---
name: clade-observability
description: |
  Monitor Claude API calls — log tokens, latency, costs, errors, and
  Use when working with observability patterns.
  set up alerts for production Claude integrations.
  Trigger with "anthropic monitoring", "claude observability",
  "track claude usage", "anthropic logging".
allowed-tools: Read, Write, Edit
version: 1.0.0
license: MIT
author: Jeremy Longshore <jeremy@intentsolutions.io>
compatible-with: claude-code
tags: [saas, anthropic, claude, monitoring, observability]
---

# Anthropic Observability

## Overview
Every `messages.create` call should be instrumented.
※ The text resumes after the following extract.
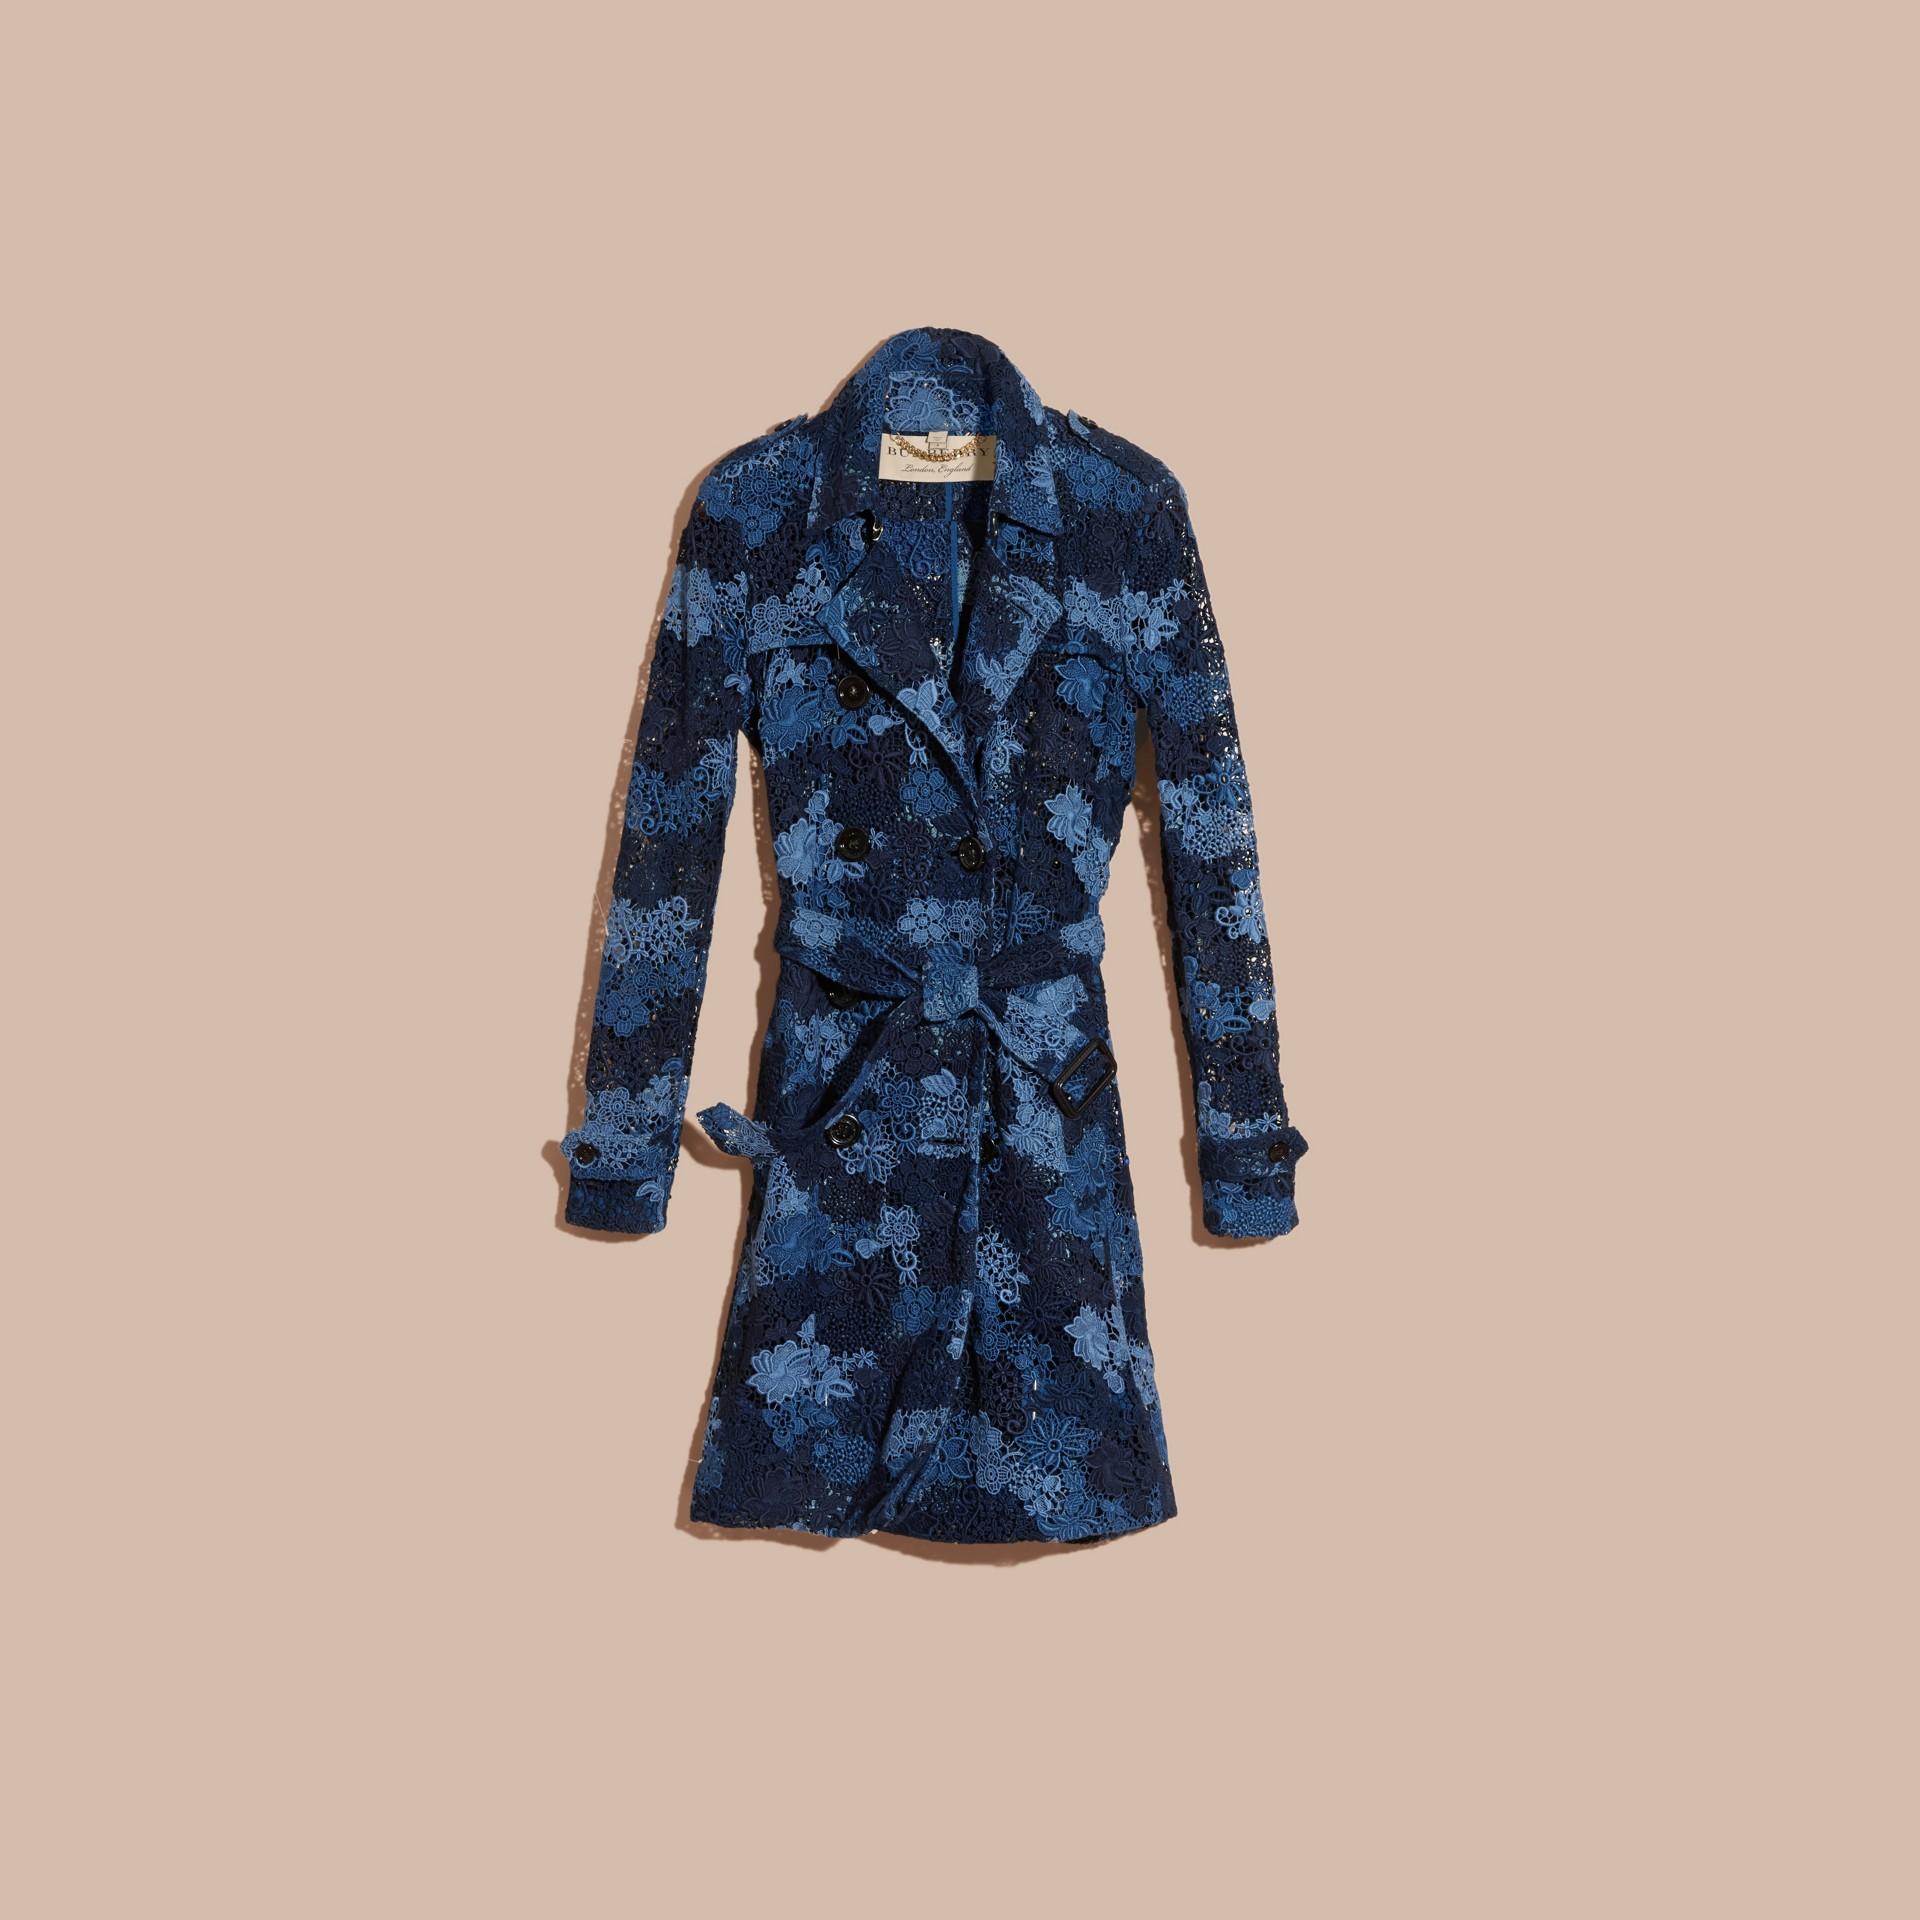 Bleu encre Trench-coat en macramé de dentelle italienne à motif floral - photo de la galerie 3

Track tokens, latency, cost, model, and errors.

## Logging Wrapper
```typescript
import Anthropic from '@claude-ai/sdk';

const client = new Anthropic();

async function trackedCreate(params: Anthropic.MessageCreateParams) {
  const start = performance.now();
  try {
    const message = await client.messages.create(params);
    const durationMs = Math.round(performance.now() - start);

    const log = {
      timestamp: new Date().toISOString(),
      model: message.model,
      input_tokens: message.usage.input_tokens,
      output_tokens: message.usage.output_tokens,
      cache_read_tokens: message.usage.cache_read_input_tokens || 0,
      duration_ms: durationMs,
      stop_reason: message.stop_reason,
      estimated_cost: estimateCost(message.model, message.usage),
    };
    console.log('anthropic_request', JSON.stringify(log));

    return message;
  } catch (err) {
    const durationMs = Math.round(performance.now() - start);
    console.error('anthropic_error', JSON.stringify({
      timestamp: new Date().toISOString(),
      model: params.model,
      error_type: err instanceof Anthropic.APIError ? err.error?.type : 'unknown',
      status: err instanceof Anthropic.APIError ? err.status : null,
      request_id: err instanceof Anthropic.APIError ? err.headers?.['request-id'] : null,
      duration_ms: durationMs,
    }));
    throw err;
  }
}

function estimateCost(model: string, usage: Anthropic.Usage): number {
  const rates: Record<string, [number, number]> = {
    'claude-opus-4-20250514': [15, 75],
    'claude-sonnet-4-20250514': [3, 15],
    'claude-haiku-4-5-20251001': [0.80, 4],
  };
  const [inputRate, outputRate] = rates[model] || [3, 15];
  return (usage.input_tokens * inputRate + usage.output_tokens * outputRate) / 1_000_000;
}
```

## Key Metrics to Track
| Metric | Source | Alert Threshold |
|--------|--------|----------------|
| Error rate | error logs | > 5% over 5 minutes |
| p95 latency | duration_ms | > 10s (Sonnet) |
| Daily cost | estimated_cost sum | > 2x daily average |
| 429 rate | error_type = rate_limit | > 10/minute |
| 529 rate | error_type = overloaded | > 5/minute |
| Token usage | input_tokens + output_tokens | > daily budget |

## Anthropic Console Monitoring
- **Usage dashboard**: console.anthropic.com → Usage
- **Spending limits**: console.anthropic.com → Settings → Limits
- **API logs**: Not available via API — use your own logging

## Output
- Every Claude API call logged with tokens, latency, cost estimate, and model
- Error calls logged with request ID, status code, and error type
- Metrics dashboarded: error rate, p95 latency, daily cost, 429/529 rates
- Spending alerts configured in Anthropic console

## Error Handling
| Error | Cause | Solution |
|-------|-------|----------|
| API Error | Check error type and status code | See `clade-common-errors` |

## Examples
See Logging Wrapper with `trackedCreate()`, `estimateCost()` function, Key Metrics table with alert thresholds, and Anthropic Console Monitoring section above.

## Resources
- [Usage Dashboard](https://console.anthropic.com/settings/usage)
- [Rate Limits](https://docs.anthropic.com/en/api/rate-limits)

## Next Steps
See `clade-incident-runbook` for when things go wrong.

## Prerequisites
- Completed `clade-install-auth`
- Logging infrastructure (console, structured logs, or observability platform)
- Production Claude integration to monitor

## Instructions

### Step 1: Review the patterns below
Each section contains production-ready code examples. Copy and adapt them to your use case.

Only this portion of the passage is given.